Так что «послевоенное восстановление» ложилось на плечи женщин. Да, конечно, еще на плечи стариков и детей. Но вытащили, выстояли, выкормили, подняли страну именно они, женщины. Те, кого никто не называл и не называет победительницами. Те, кого никто не носил на руках. Кому не вручали медали. Они просто вкалывали. Рожали детей и продолжали вкалывать. Кормить стариков, детей и инвалидов. Обеспечивать выживание народа. Петь и слушать песни, которые слагали не про них. Это нормально. Мужик — калека, алкаш, пользы никакой, из дома все тащит, но зато счастье, если хоть детей еще делать может…
Подрастали и поколение детей военного времени, пережившие голод, холод и раннее взросление. Они все это видели. Они старались помогать. Они взваливали на себя что могли. И они тоже молчали о том, что наблюдали, подмечали, запоминали. Это было не принято — рассказывать о таком. Все хорошо. Война позади. Мы победили. Жаль, что не довелось повоевать, но, может, оно и к лучшему…
…Ну а мы, родившиеся после войны, ловили их взгляды, их вздохи, короткие реплики. Мы рисовали в своем воображении картины той войны и послевоенной жизни, накладывая увиденное, прочувствованное, услышанное на глянцевые снимки книжных страниц и победных кинохроник.
***
…Впрочем, мы помнили не только их. Да, старшее поколение оставило нам в наследство великую Победу, мирное небо и Родину. Но…
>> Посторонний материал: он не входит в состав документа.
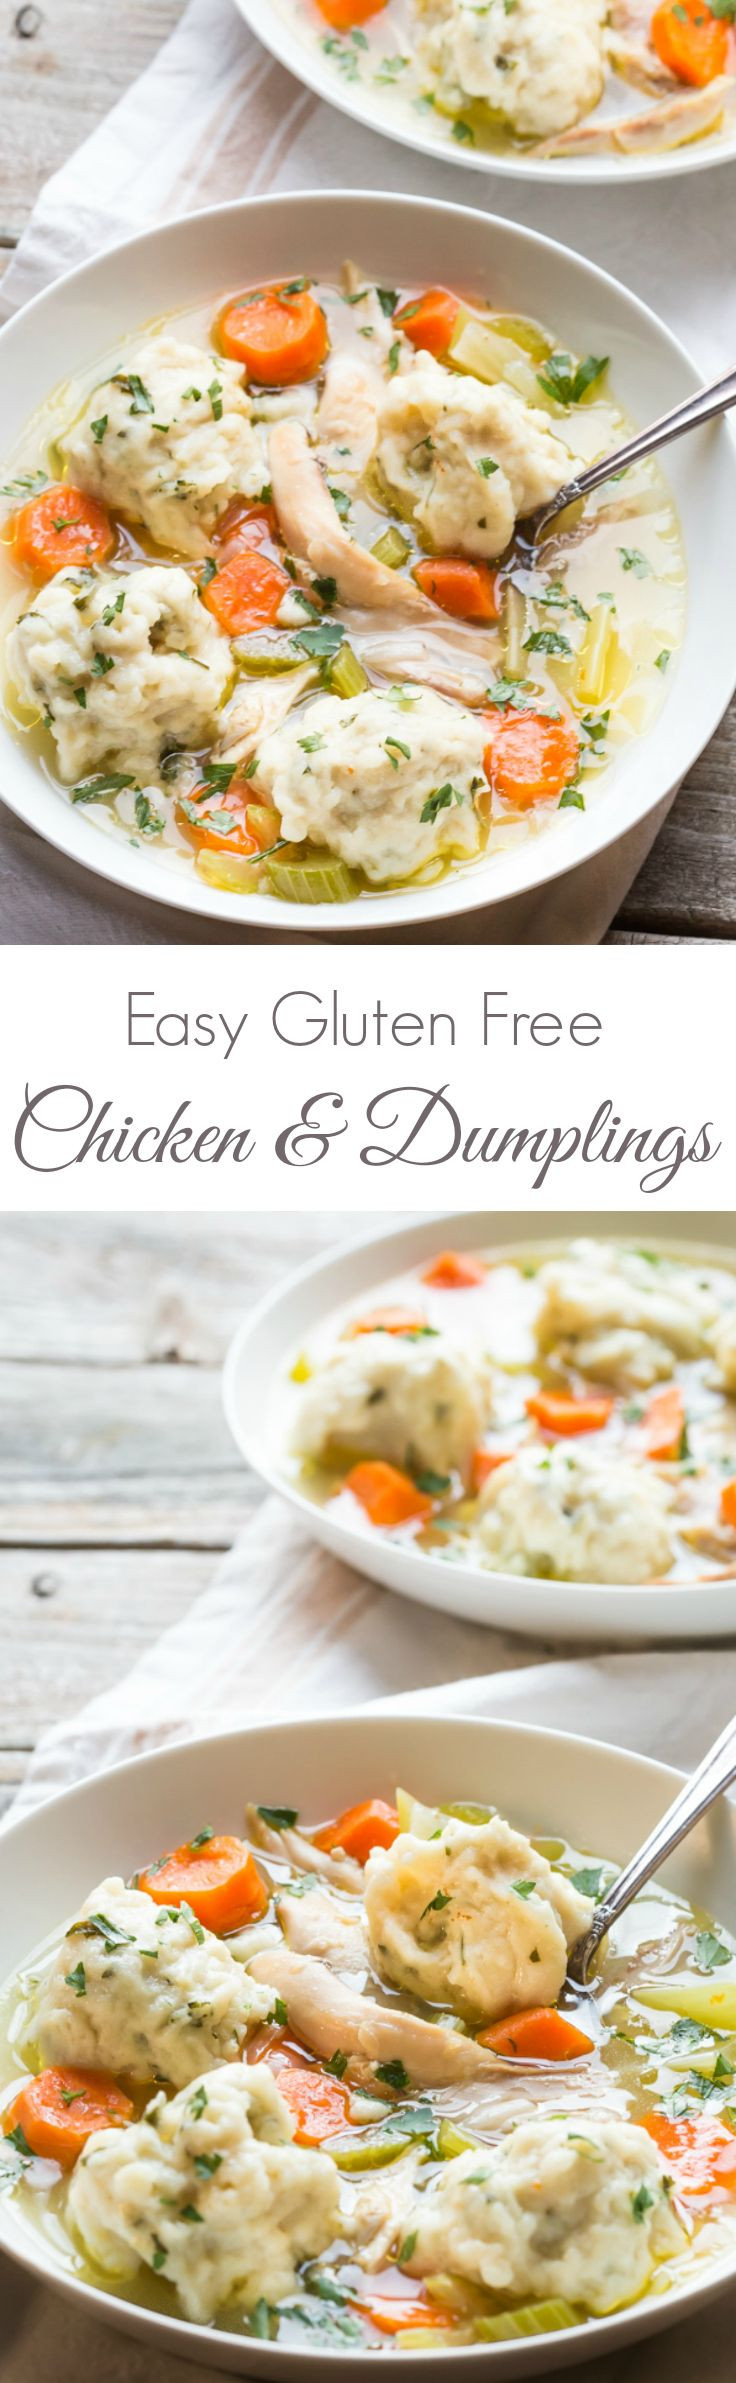 Gluten Free Dumplings Frozen
 Best 25 Gluten free ideas on Pinterest

…Но те, кто были младше нас, уходили в Афган. Молча, без фанфар. В чудовищную, жестокую и бессмысленную мясорубку. Где парни не защищали Родину, а сражались лишь друг за друга — во имя невнятных и непонятных приказов неизвестных начальников, засевших в красивых кабинетах далеко-далеко…
Но вот они тоже возвращались. И тоже молчали о войне. А в глазах была такая боль, что, казалось, не вынести человеку…
А возле нашей школы едва ли ни каждый месяц, а то и каждую неделю провожали еще одного недавнего выпускника, только, увы, теперь уже не в жизнь — они были младше нас, они были салагами, на которых мы и внимания не обращали пока учились в школе, а теперь они отправлялись в своих свинцовых гробах в никуда...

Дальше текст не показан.